Now, back to Mrs Ebbage, commenting on my recent photograph of members of the undertaking Jary family enjoying high jinks on Scroby Sands 80 years ago. Her mother-in-law was a Jary, a cousin to Leonard, and she reckons “nearly every one of them” belonged to the local operatic and dramatic society.

“Kitty Jary once told me that the family were friends of Elsie and Doris Waters,” she writes. The two Cockney-style entertainers launched their career at Gorleston Pavilion prewar and became wartime favourites on radio as Cockney housewives Gert and Daisy; their brother was Jack Warner, another national treasure famous on radio and in the music hall but whose legacy is television’s PC George Dixon of Dock Green.

Mrs Ebbage thinks the Waters-Jary connection was a business one.

I leave it to the ever-reliable Caister-based local historian and author Colin Took to write the postscript to today’s column that neatly links everything. For in his 2007 book That’s Entertainment – Theatres and Cinemas of Great Yarmouth and Gorleston, he writes: “Variety continued at the [Gorleston] Pavilion, Elsie and Doris Waters – Gert and Daisy, as they were later known in their BBC radio shows – making their stage debut there in 1924. From 1928 until 1937 the Gorleston Gossips Concert Party, featuring local girl Helen Hill, provided the seasonal entertainment.

“Helen Hill, whose family ran a small restaurant close to the Pavilion, was a soprano who was later to make her name on BBC Radio.

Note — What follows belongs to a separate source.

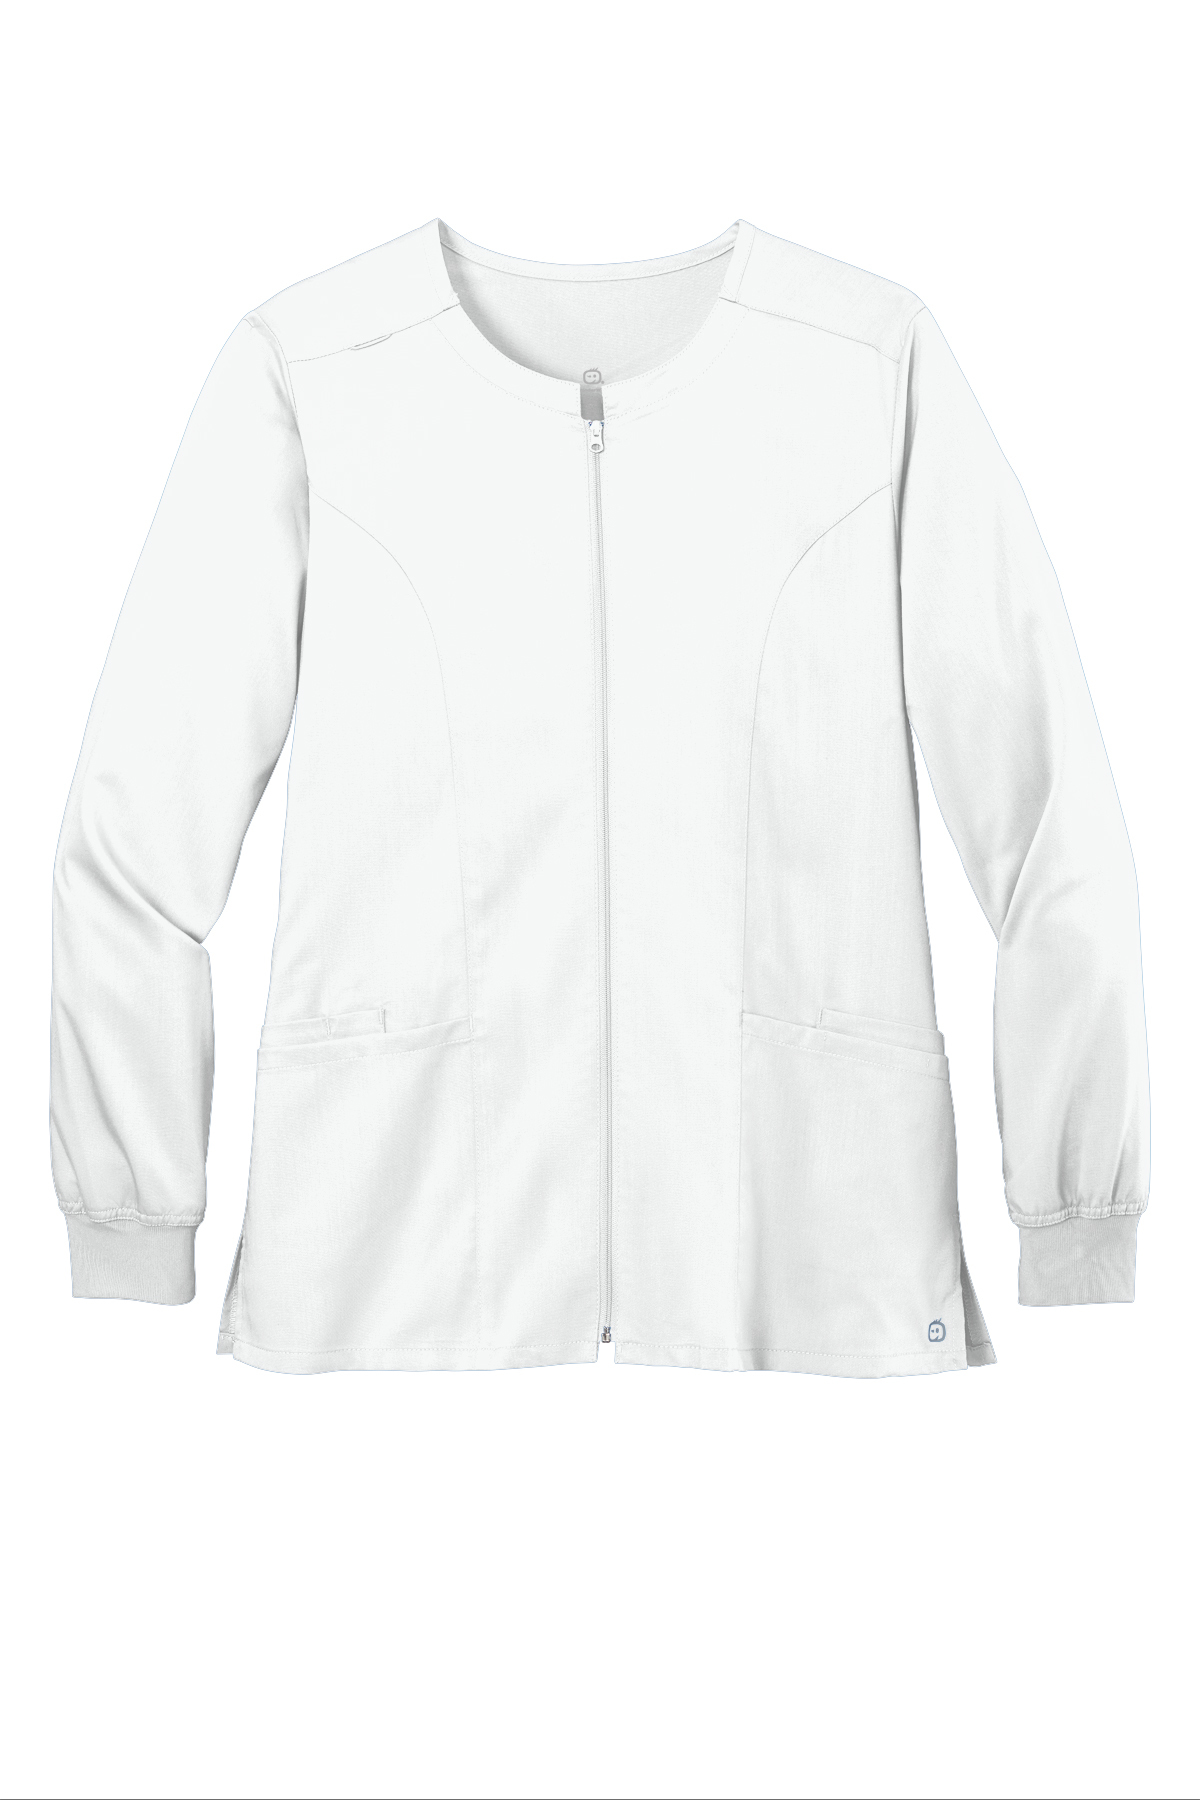 Wink Women's Premiere Flex Full-Zip Scrub Jacket, Product

Her first stage appearance had been at the Town Hall at the age of seven, and during a career of almost 50 years she made over 500 radio broadcasts and featured in two films as well as many stage appearances. Helen Hill married Frank Wilcock, the pianist with the Gossips, in 1928.”

When the Helen Hill question was raised here in January, I wrote that although she usually broadcast in more serious programmes, she occasionally stood in as the featured singer in the highly popular and long-running comedy series Much Minding in the Marsh, which was written by and starred Richard Murdoch and Kenneth Horne.

The only other information I can glean is that in July 1991 a singer named Helen Hill was a soloist in a concert by the Mansfield Choral Society in its home town.